Closed sasharevzin closed 4 years ago
Csv is kind of important for researchers. Would be good to have some sort of csv data available. Even if it has to be periodic exports to s3 rather than queryable.
If we have somewhere the CSV dump at s3, then we can just redirect to it. Currently, I don't see any export measurements to CSV file so I guess no one is using. Possible?
Could be. How did you come across the code?
In a same controller for this issue https://github.com/Safecast/safecastapi/issues/529
@matschaffer @auspicacious. I think it makes sense to remove this option. It just adds pressure to db.
Is the daily export listed on https://github.com/Safecast/safecastapi/wiki/Data-Sets in CSV format? If so, then I agree with @sasharevzin
(P.S. the page should document the format)
Just to reiterate @matschaffer's comment, the CSV file option is really important to researchers, so if this is redundant because it's already happening somewhere else then it's OK to remove, but if this is what is generating the CSV we publish everyday then it's really very important to keep.
@seanbonner @matschaffer Yes, they generate CSV file: https://github.com/Safecast/safecastapi/blob/master/cron/dump_measurements#L13
Okay, after taking a closer look at what you mean, it's specifically https://api.safecast.org/en-US/measurements?format=csv
that exists, but doesn't work since it doesn't include any filtering or pagination.
I'll re-word the description to add that.
To be fair, it's broken and no-one has mentioned anything so it probably doesn't see much use, but to @seanbonner 's point CSVs are important so we shouldn't just drop the support, we should try to improve it.
Heh, in it's current form it basically just kills the DB, so on second thought I'll open two tickets, one to remove the current support, and another add it back in a way that doesn't try to export everything.
I'm inclined to leave this as is.
It'd be great to have some sort of "slow query" option for generating large csvs asynchronously, but in the mean time I don't think we should just remove what's there.
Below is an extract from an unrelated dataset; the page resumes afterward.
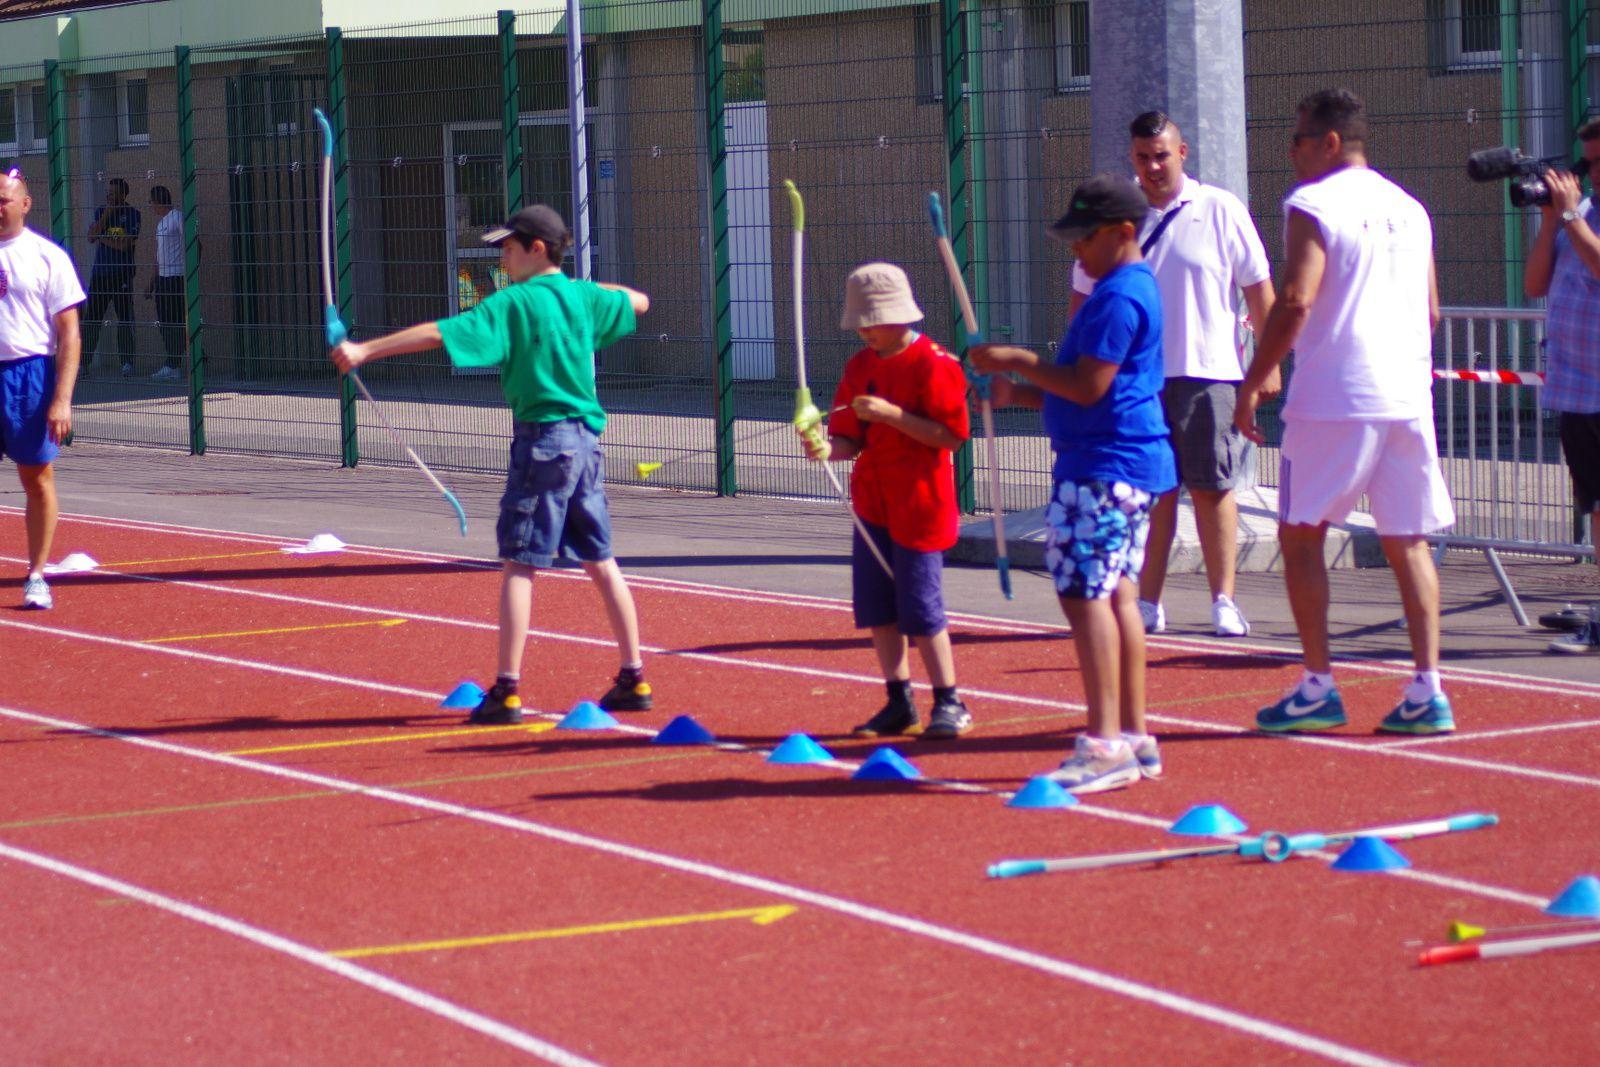 La 7e édition d'Olympiakos avait pour cadre cette année les installations du complexe sportif Laurent-Gerin
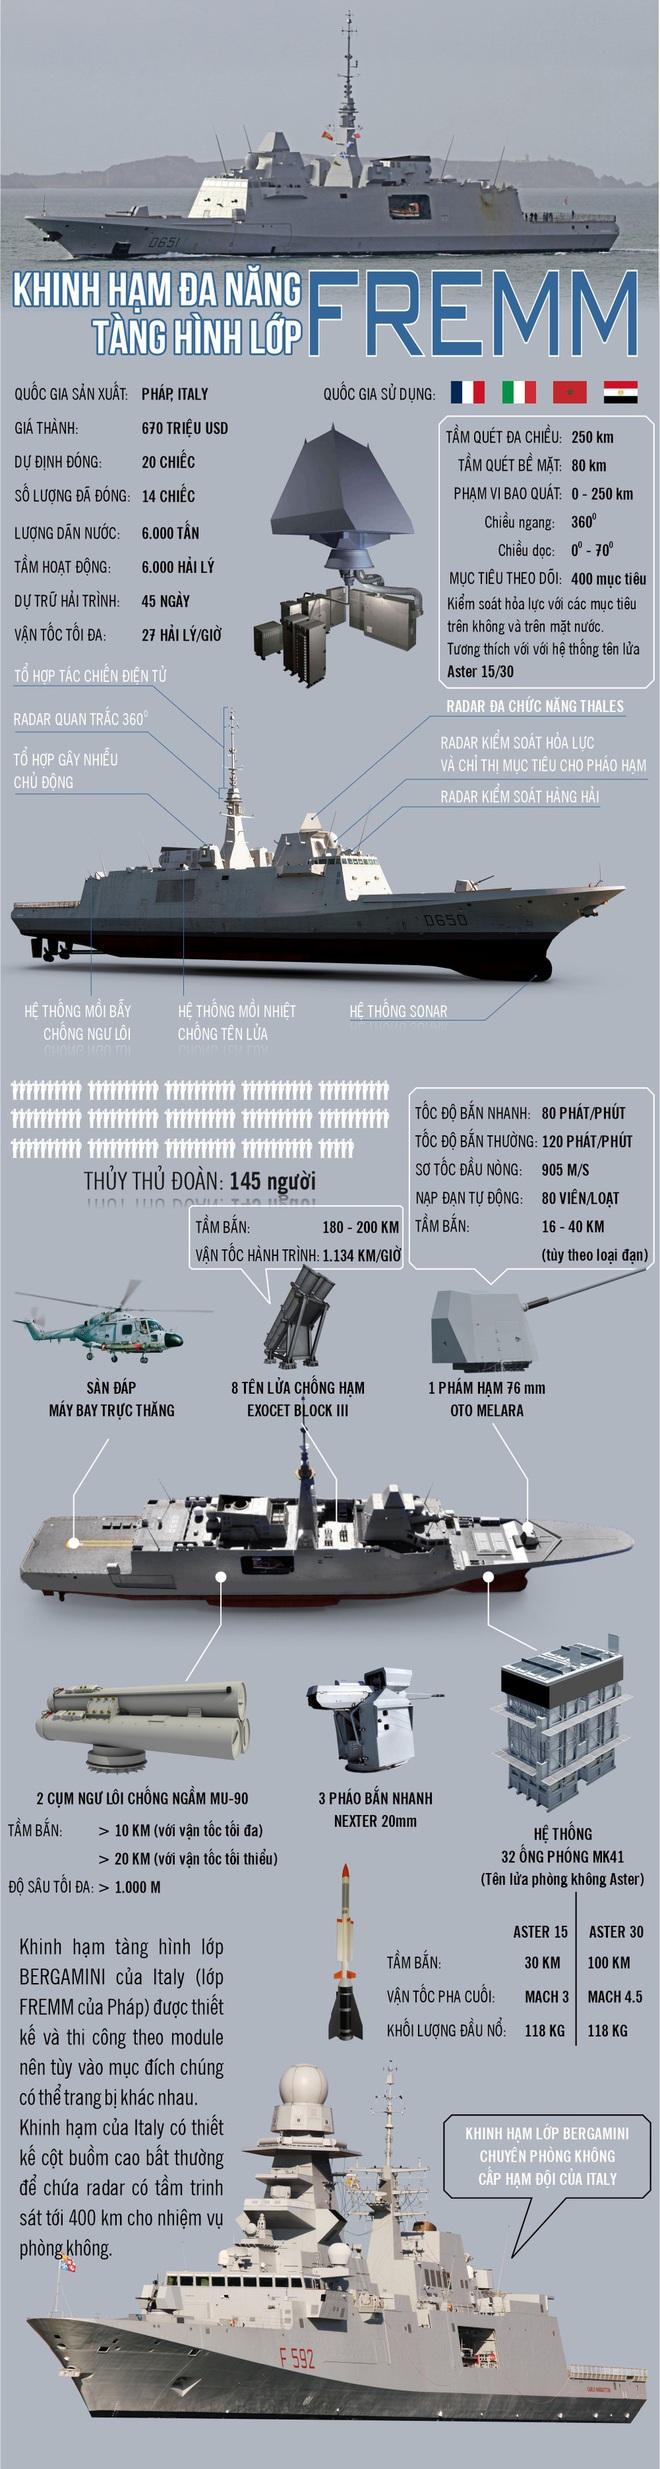 Infographic: Khinh hạm đa năng tàng hình lớp FREMM đến Mỹ cũng muốn có - Ảnh 1.

Folks who know how it can be used, can use it. Folks who don't will get an error. Probably good enough until we have a better story on providing large CSV blobs ad-hoc.
@matschaffer but if we will add pagination to CSV export then everything will be fine. Just saying :)
yeah, or some reasonable limit could be worth trying. Though sometimes psql does weird things with limit queries.
@matschaffer Added back filters and pagination
PR closed
I found that it exports all measurements into CSV https://github.com/Safecast/safecastapi/blob/master/app/controllers/measurements_controller.rb#L58 Of course, the query always timeout.